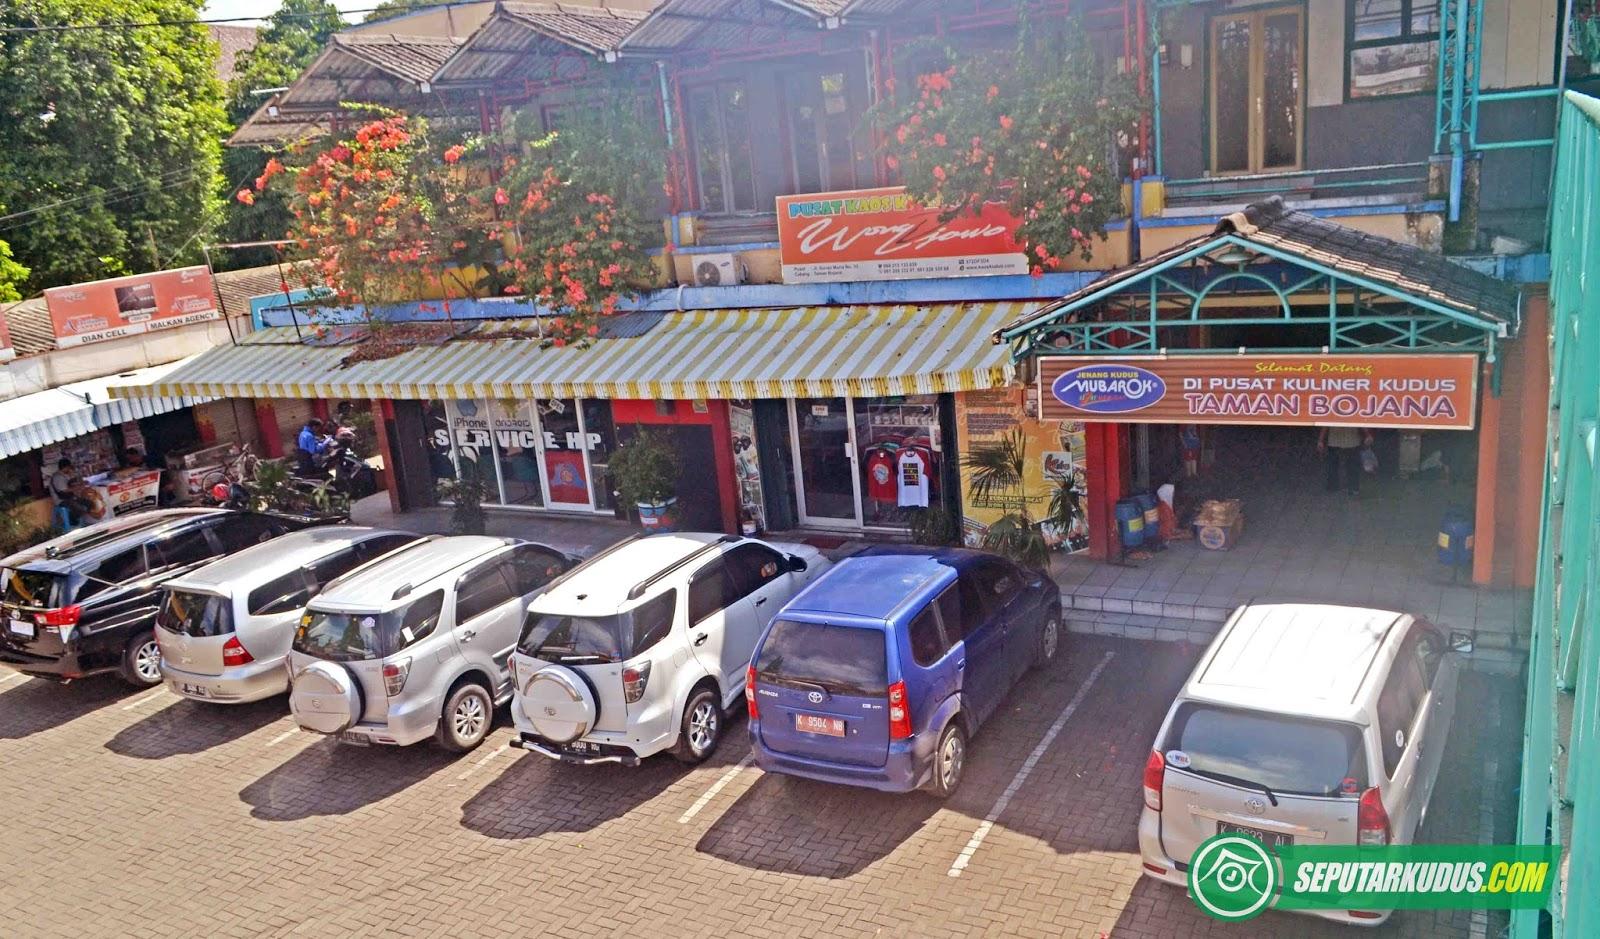 Kenapa Pusat Kuliner Kudus Di Sudut Simpang Tujuh Dinamai
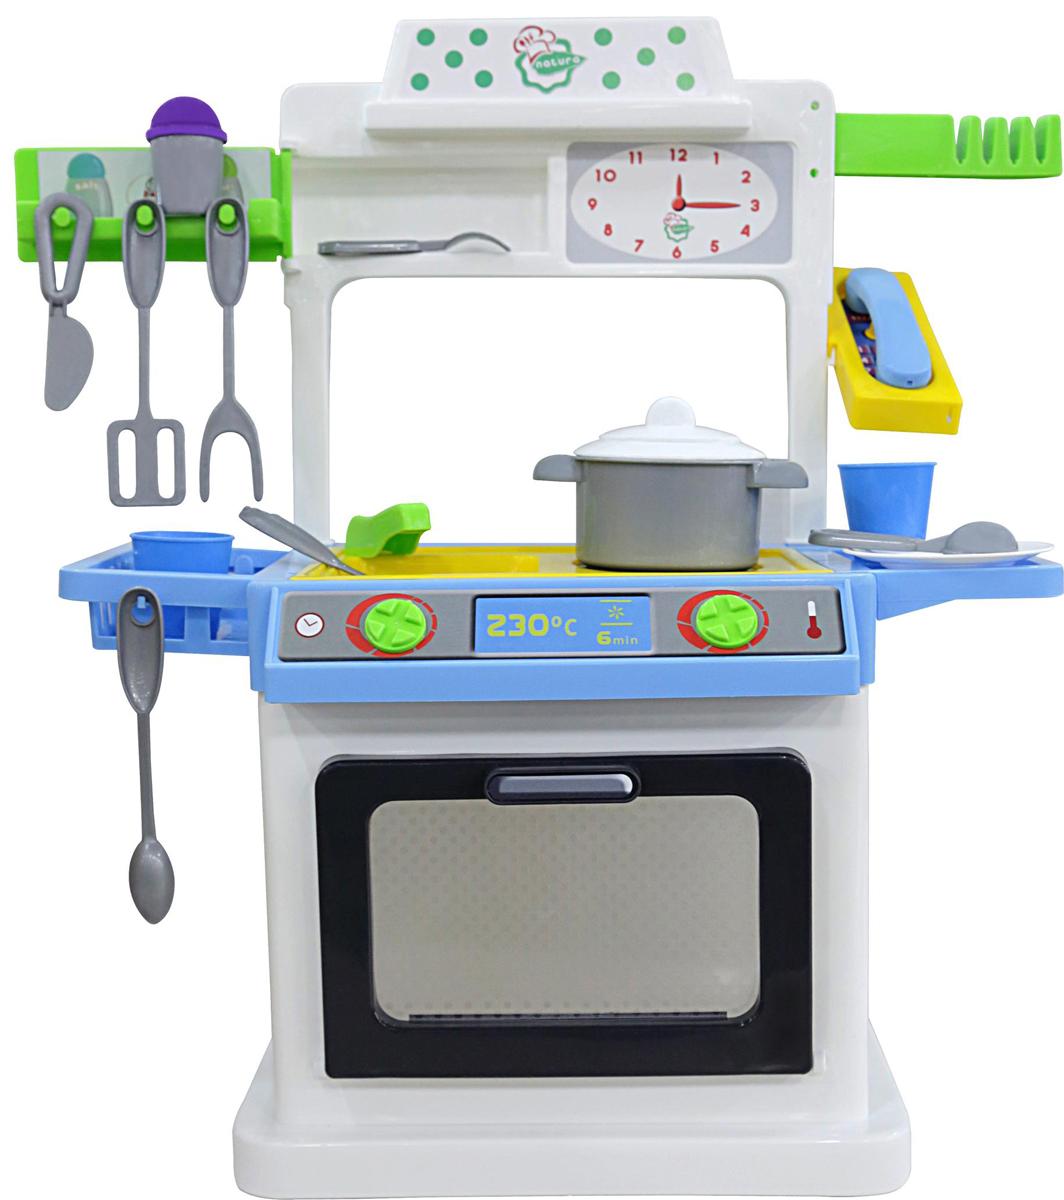 Полесье Игровой набор Natali №4 кухонные девайсы patricia набор 6пр зеленый миска 2 шт поильник крышка ложка вилка
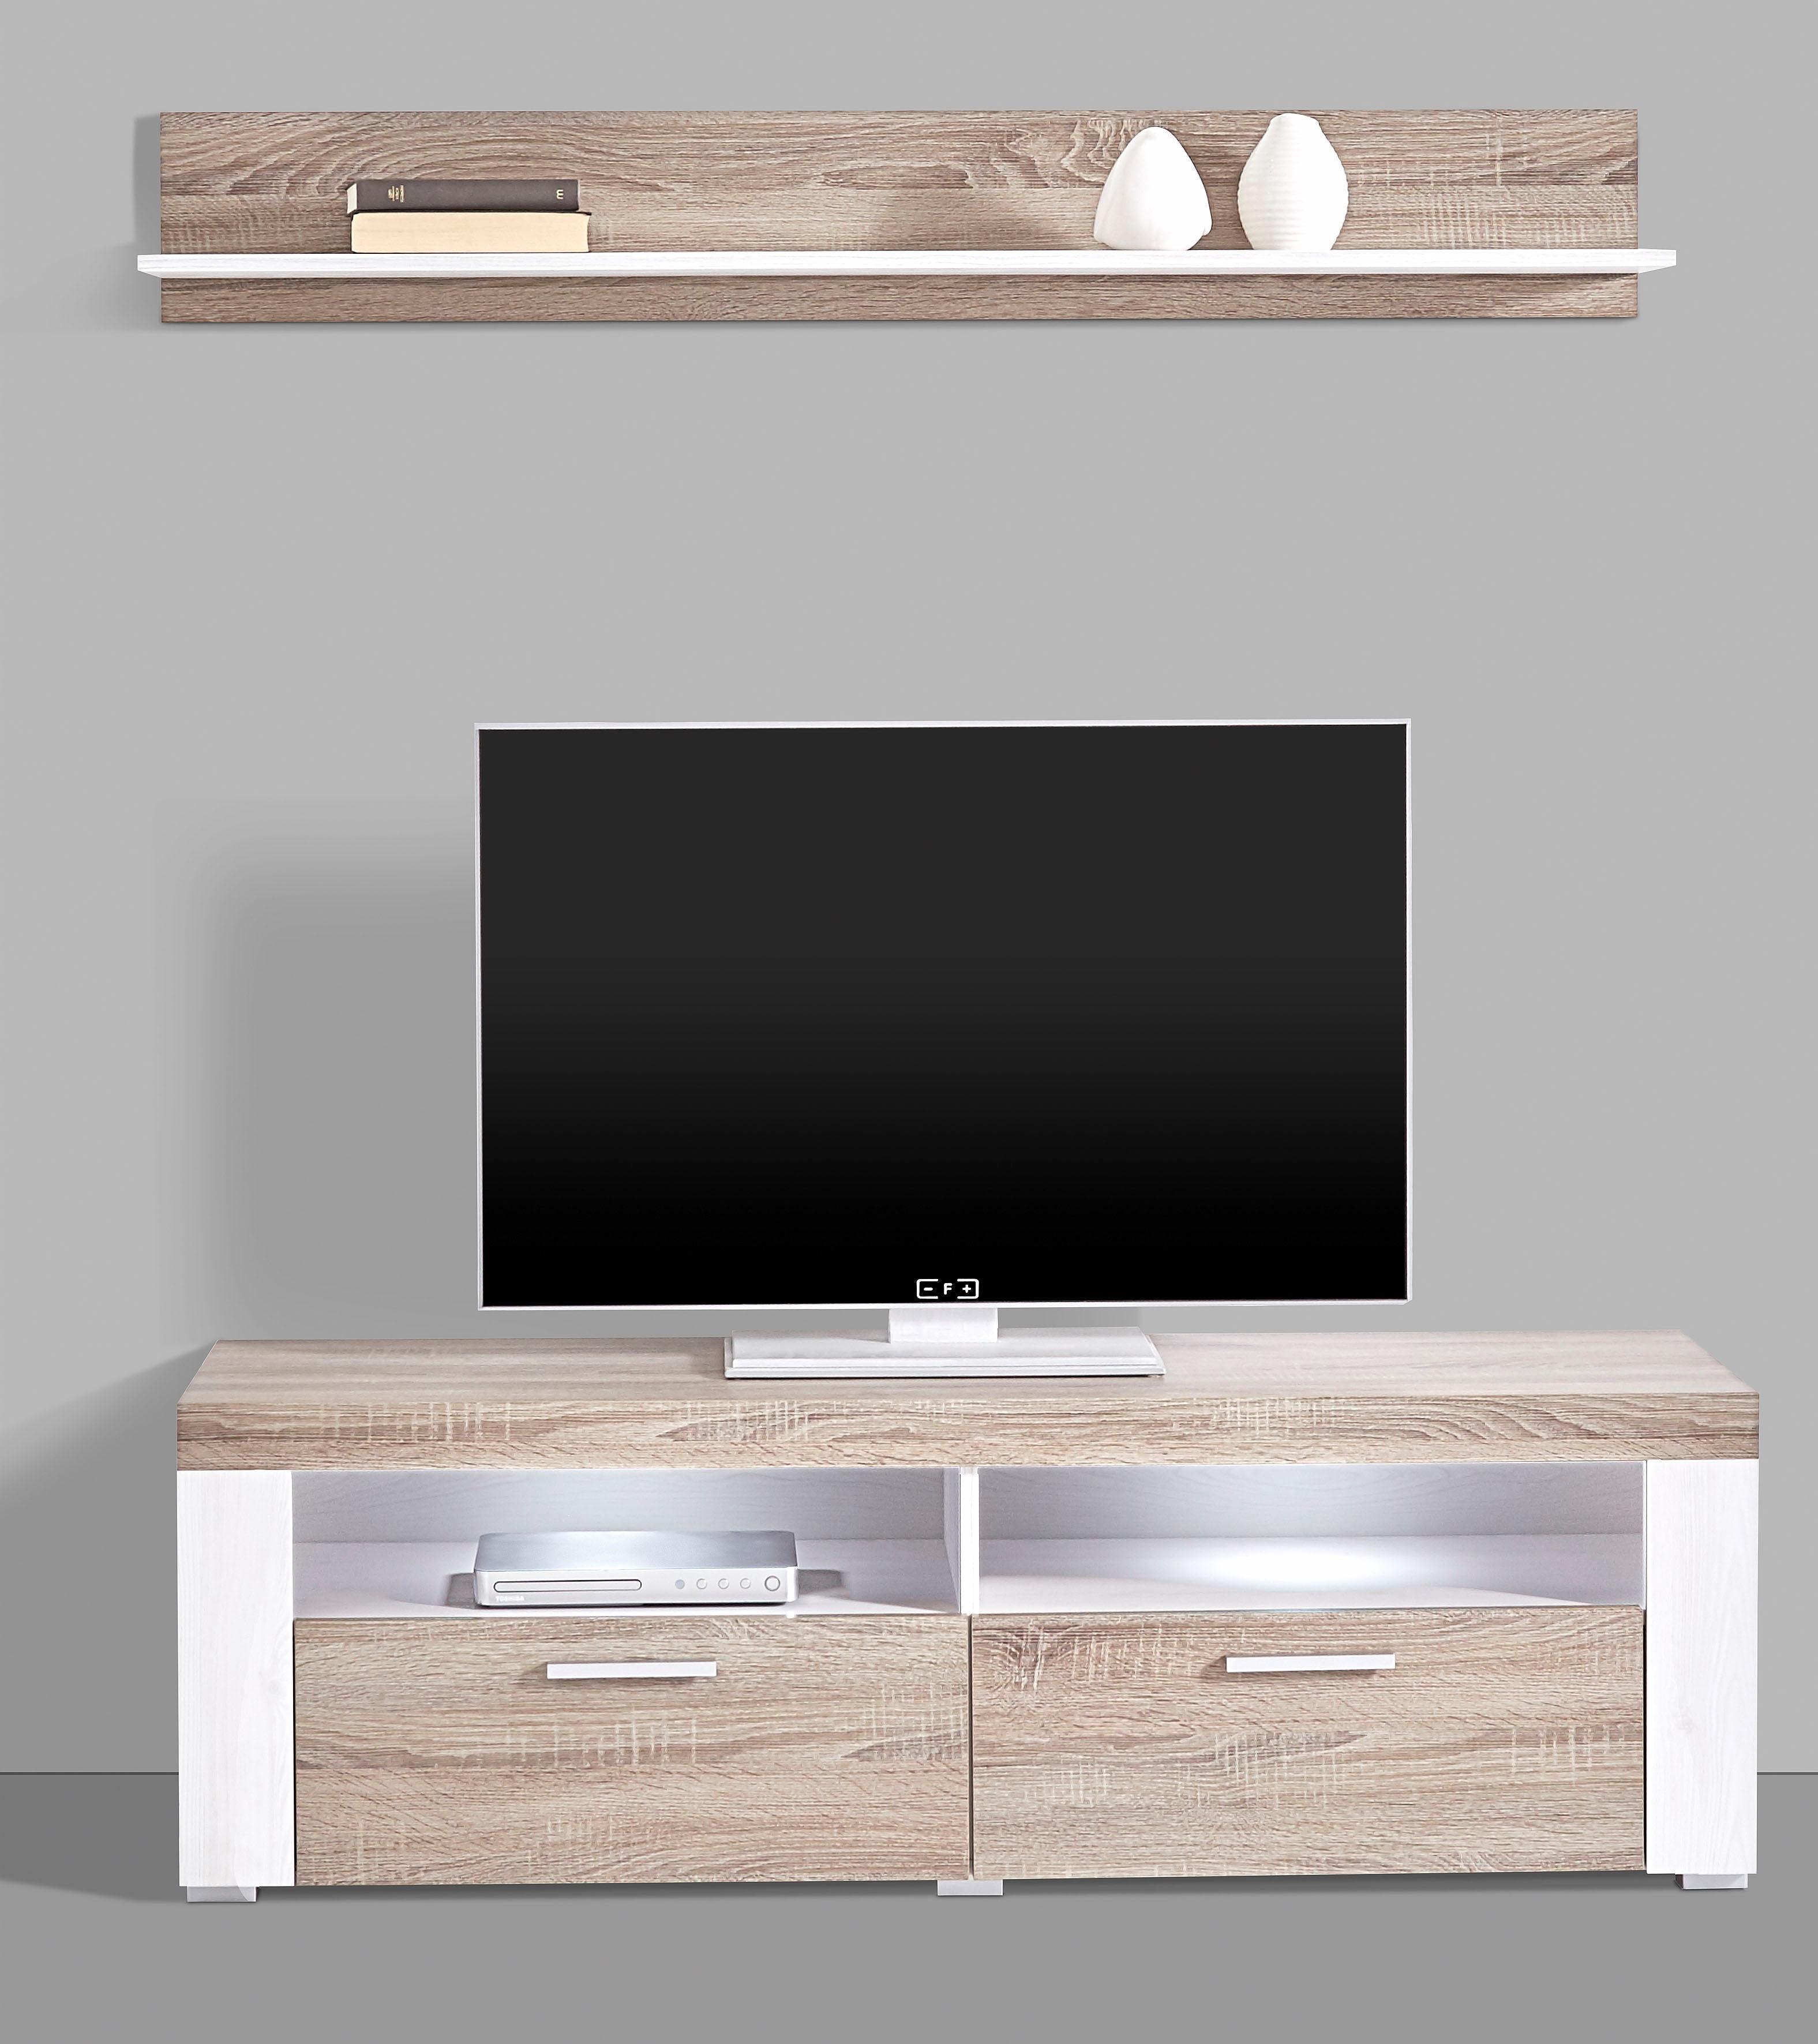 lowboard breedte 140 cm met wandplank online shop otto. Black Bedroom Furniture Sets. Home Design Ideas

▶ _INSTRUCTIONS FOR THE TASK_:
All the material above should be written out exactly, with images omitted.

▶ _SOLUTION TO THIS PROBLEM_:
 Kenapa Pusat Kuliner Kudus Di Sudut Simpang Tujuh Dinamai
 Полесье Игровой набор Natali №4 кухонные девайсы patricia набор 6пр зеленый миска 2 шт поильник крышка ложка вилка
 lowboard breedte 140 cm met wandplank online shop otto. Black Bedroom Furniture Sets. Home Design Ideas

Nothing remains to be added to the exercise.